> _Goal of the exercise_
For the entries below, the result should be an exact transcription of the lines from the one with "5 inch gauge LNER B1" up to and including the one with "Fotografia przedstawia uczestników", and only those.

> _Information given_

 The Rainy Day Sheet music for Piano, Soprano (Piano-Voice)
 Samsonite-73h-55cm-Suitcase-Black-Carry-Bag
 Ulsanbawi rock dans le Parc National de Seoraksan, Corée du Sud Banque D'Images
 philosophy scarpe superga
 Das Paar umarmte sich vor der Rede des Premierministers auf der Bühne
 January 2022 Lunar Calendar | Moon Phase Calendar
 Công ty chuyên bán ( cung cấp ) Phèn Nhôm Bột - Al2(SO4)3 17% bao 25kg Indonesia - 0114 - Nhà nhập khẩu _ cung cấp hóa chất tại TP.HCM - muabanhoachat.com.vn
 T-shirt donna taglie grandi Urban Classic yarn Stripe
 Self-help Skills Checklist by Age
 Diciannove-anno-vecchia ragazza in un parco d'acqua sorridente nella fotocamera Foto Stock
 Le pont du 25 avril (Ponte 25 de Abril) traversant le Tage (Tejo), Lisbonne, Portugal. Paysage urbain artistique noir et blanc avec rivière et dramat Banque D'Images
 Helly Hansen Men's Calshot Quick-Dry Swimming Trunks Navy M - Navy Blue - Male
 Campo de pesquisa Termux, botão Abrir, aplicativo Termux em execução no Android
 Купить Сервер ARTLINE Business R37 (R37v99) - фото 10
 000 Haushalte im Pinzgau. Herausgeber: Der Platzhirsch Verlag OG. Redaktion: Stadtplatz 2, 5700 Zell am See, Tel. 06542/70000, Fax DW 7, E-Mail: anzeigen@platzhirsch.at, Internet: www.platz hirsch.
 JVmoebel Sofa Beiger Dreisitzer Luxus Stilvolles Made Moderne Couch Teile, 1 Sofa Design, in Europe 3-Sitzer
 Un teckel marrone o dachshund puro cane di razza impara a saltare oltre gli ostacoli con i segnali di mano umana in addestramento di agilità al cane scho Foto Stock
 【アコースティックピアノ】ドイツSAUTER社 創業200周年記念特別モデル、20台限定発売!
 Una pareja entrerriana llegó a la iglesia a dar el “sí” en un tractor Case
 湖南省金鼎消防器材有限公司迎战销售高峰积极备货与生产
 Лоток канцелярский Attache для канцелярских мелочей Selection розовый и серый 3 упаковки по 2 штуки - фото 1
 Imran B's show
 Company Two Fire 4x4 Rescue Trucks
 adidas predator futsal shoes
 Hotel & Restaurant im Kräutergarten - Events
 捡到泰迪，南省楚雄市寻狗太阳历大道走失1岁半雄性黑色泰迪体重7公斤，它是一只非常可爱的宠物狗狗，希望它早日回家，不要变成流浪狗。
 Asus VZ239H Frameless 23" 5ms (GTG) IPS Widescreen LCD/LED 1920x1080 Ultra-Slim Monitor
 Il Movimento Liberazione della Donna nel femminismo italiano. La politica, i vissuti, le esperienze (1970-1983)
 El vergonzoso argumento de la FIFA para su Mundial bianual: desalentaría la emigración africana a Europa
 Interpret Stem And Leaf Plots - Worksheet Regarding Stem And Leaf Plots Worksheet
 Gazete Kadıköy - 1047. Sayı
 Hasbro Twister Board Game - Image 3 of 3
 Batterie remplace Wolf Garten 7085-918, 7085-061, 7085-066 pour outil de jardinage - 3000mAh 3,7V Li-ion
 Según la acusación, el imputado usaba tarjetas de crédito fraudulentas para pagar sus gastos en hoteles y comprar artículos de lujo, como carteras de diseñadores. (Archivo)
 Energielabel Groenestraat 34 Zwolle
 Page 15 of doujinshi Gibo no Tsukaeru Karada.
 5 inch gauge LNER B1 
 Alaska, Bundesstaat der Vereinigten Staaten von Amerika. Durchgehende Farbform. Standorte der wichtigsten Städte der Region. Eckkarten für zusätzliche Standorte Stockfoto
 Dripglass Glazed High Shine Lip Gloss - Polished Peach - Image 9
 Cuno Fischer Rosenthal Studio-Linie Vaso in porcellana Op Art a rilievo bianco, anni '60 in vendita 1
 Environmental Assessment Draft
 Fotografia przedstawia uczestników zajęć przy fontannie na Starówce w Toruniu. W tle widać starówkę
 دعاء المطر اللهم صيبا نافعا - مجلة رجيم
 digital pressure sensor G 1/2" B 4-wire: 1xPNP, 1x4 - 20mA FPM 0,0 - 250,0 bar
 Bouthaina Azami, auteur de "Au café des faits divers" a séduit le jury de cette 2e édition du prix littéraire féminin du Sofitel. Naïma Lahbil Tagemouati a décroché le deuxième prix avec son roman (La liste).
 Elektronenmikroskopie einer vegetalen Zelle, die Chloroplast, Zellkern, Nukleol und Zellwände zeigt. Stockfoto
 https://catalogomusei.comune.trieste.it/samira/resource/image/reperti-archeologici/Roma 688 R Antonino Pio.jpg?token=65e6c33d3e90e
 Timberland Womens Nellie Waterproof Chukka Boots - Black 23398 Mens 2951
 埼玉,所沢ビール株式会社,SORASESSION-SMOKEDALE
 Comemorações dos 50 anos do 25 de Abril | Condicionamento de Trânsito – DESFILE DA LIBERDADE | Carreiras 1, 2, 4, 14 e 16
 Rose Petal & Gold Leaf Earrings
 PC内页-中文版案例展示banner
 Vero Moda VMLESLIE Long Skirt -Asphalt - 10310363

> _Solution for this task_
 5 inch gauge LNER B1 
 Alaska, Bundesstaat der Vereinigten Staaten von Amerika. Durchgehende Farbform. Standorte der wichtigsten Städte der Region. Eckkarten für zusätzliche Standorte Stockfoto
 Dripglass Glazed High Shine Lip Gloss - Polished Peach - Image 9
 Cuno Fischer Rosenthal Studio-Linie Vaso in porcellana Op Art a rilievo bianco, anni '60 in vendita 1
 Environmental Assessment Draft
 Fotografia przedstawia uczestników zajęć przy fontannie na Starówce w Toruniu. W tle widać starówkę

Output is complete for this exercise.